In Ahmad, the Court listed six factors that may illuminate the assessment of whether the police investigation was properly tailored:
(1) the seriousness of the crime in question;
(2) the time of day and the number of activities and persons who might be affected;
(3) whether racial profiling, stereotyping or reliance on vulnerabilities played a part in the selection of the location;
(4) the level of privacy expected in the area or space;
(5) the importance of the virtual space to freedom of expression; and
(6) the availability of other, less intrusive investigative techniques. These factors, however, are neither exhaustive nor mandatory. All six factors will not always be relevant or helpful in a given case.
The Court in Ahmad also made clear that the reasonable suspicion analysis turns not only on a space’s physical characteristics, but on whether the police “have narrowed their scope so that the purview of their inquiry is no broader than the evidence allows”. The space, the crimes and the nature of the investigation all influence the acceptable purview of the police’s inquiry.
The entire context, in short, determines whether the space of an investigation was sufficiently precise.
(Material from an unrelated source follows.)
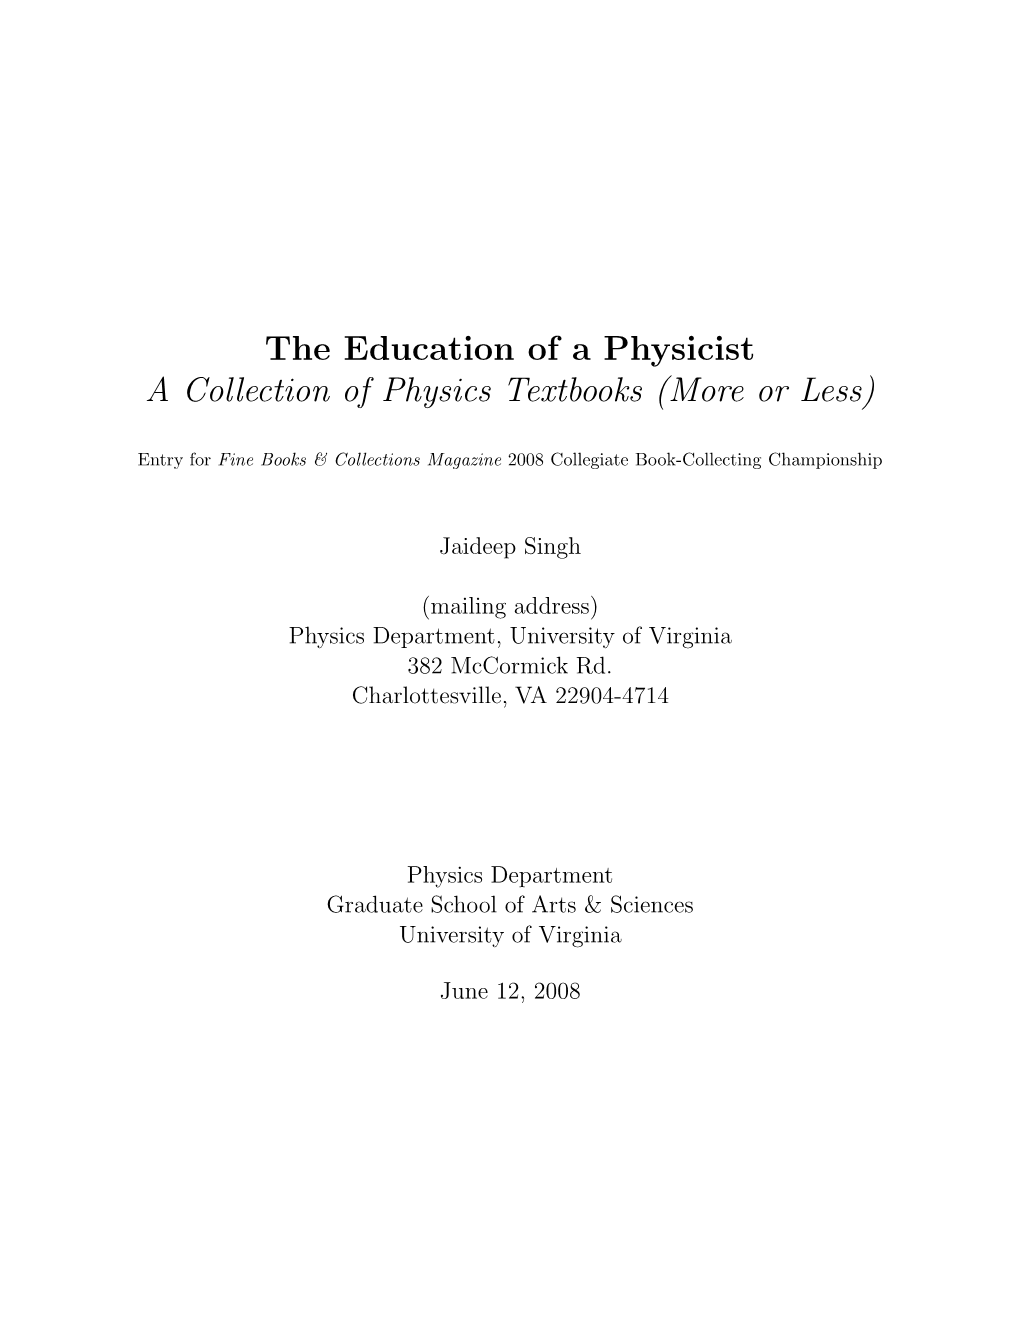 The Education of a Physicist a Collection of Physics Textbooks (More Or Less)

Scrutiny into whether a space is sufficiently precise is crucial when police investigate broader spaces like a website.
First, in permeable and interactive spaces, the “space” of an inquiry will not necessarily be intuitive. The possibility of creating subspaces, such as postings within a broader website, suggests that the ways subspaces are embedded in broader online spaces may be critical for understanding how the space of an inquiry was tethered to reasonable suspicion.
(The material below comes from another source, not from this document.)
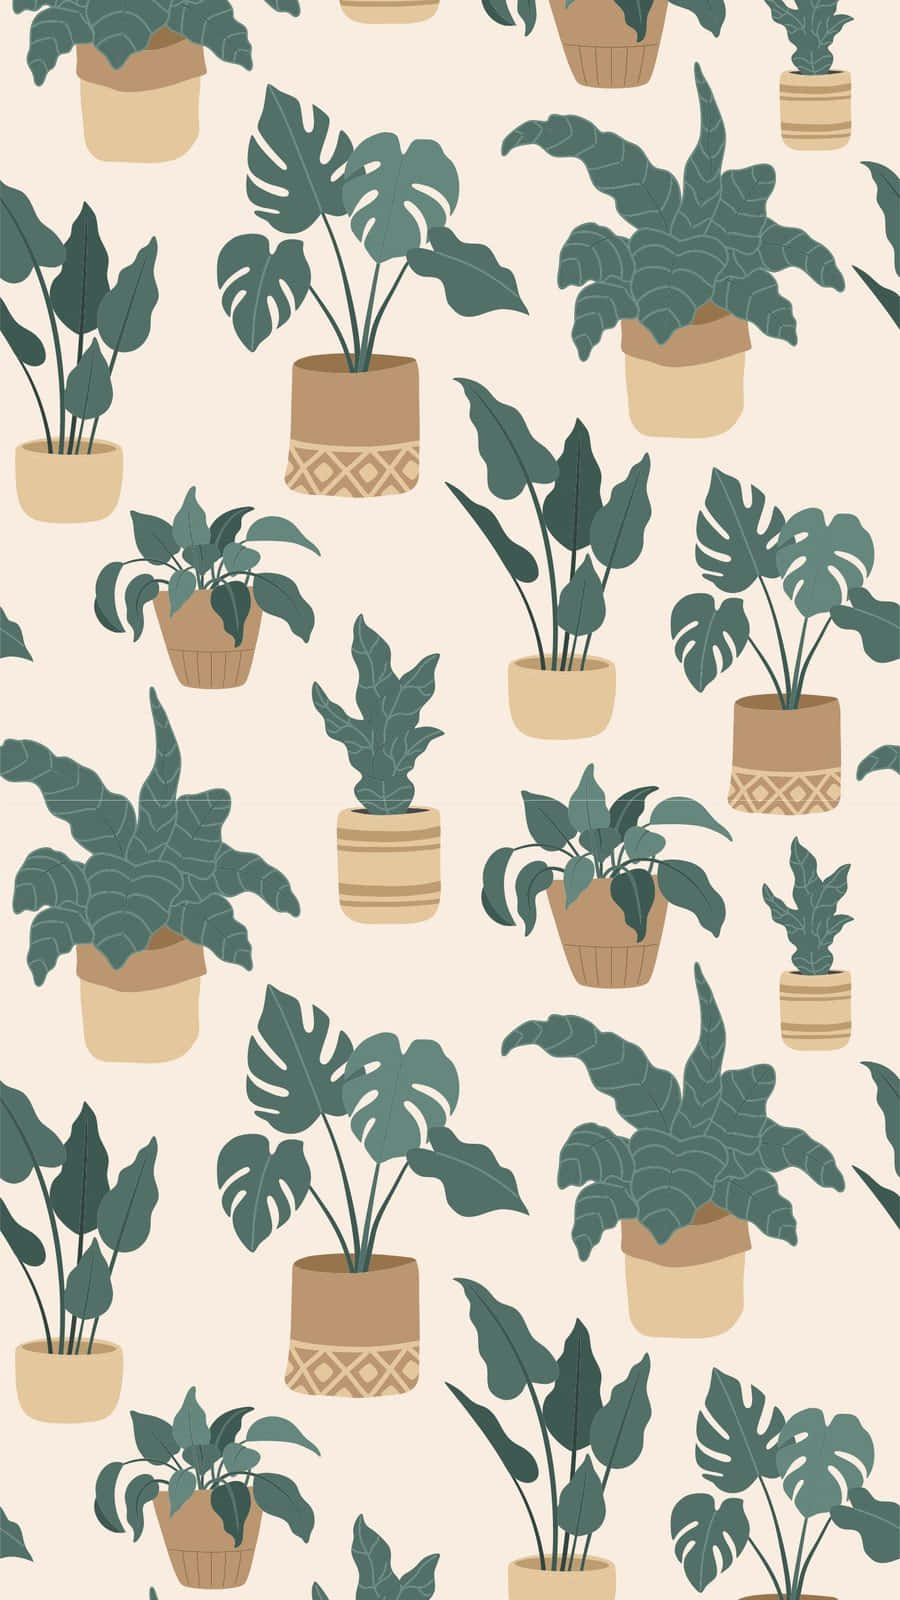 The Future of Phone is Here with Plant Phone Wallpaper

Second, whether an online space was sufficiently precise may turn as much on the space’s functions and interactivity as it does on its parameters. A space’s functions may require that police further tailor the location of an online inquiry. They may require the police to focus on more carefully delineated spaces and target their opportunities to particular subspaces or to particular ways in which users engage with the virtual space. They may also call for attention to how the space facilitates or inhibits data collection. The Ahmad factors may assist in this determination. Entire websites will rarely be sufficiently particularized, as multi-functional virtual spaces will usually be too broad to support reasonable suspicion. But in some virtual spaces, the criminality may be so pervasive that it supports a reasonable suspicion over the entire area. In sum, the internet’s unique features are inescapable in assessing whether the location is sufficiently precise to ground reasonable suspicion.
APPLICATION TO THIS CASE
The Court concluded that the appellant was not entrapped. The police had reasonable suspicion over a space defined with sufficient precision. The investigation did not extend to the enter website; rather, the “space” was the particular type of ads within the York Region escort subdirectory of a given website that emphasized the sex workers’ extreme youth. Second, the offences offered by the police were rationally connected and proportionate to the offence they reasonably suspected was occurring in that space.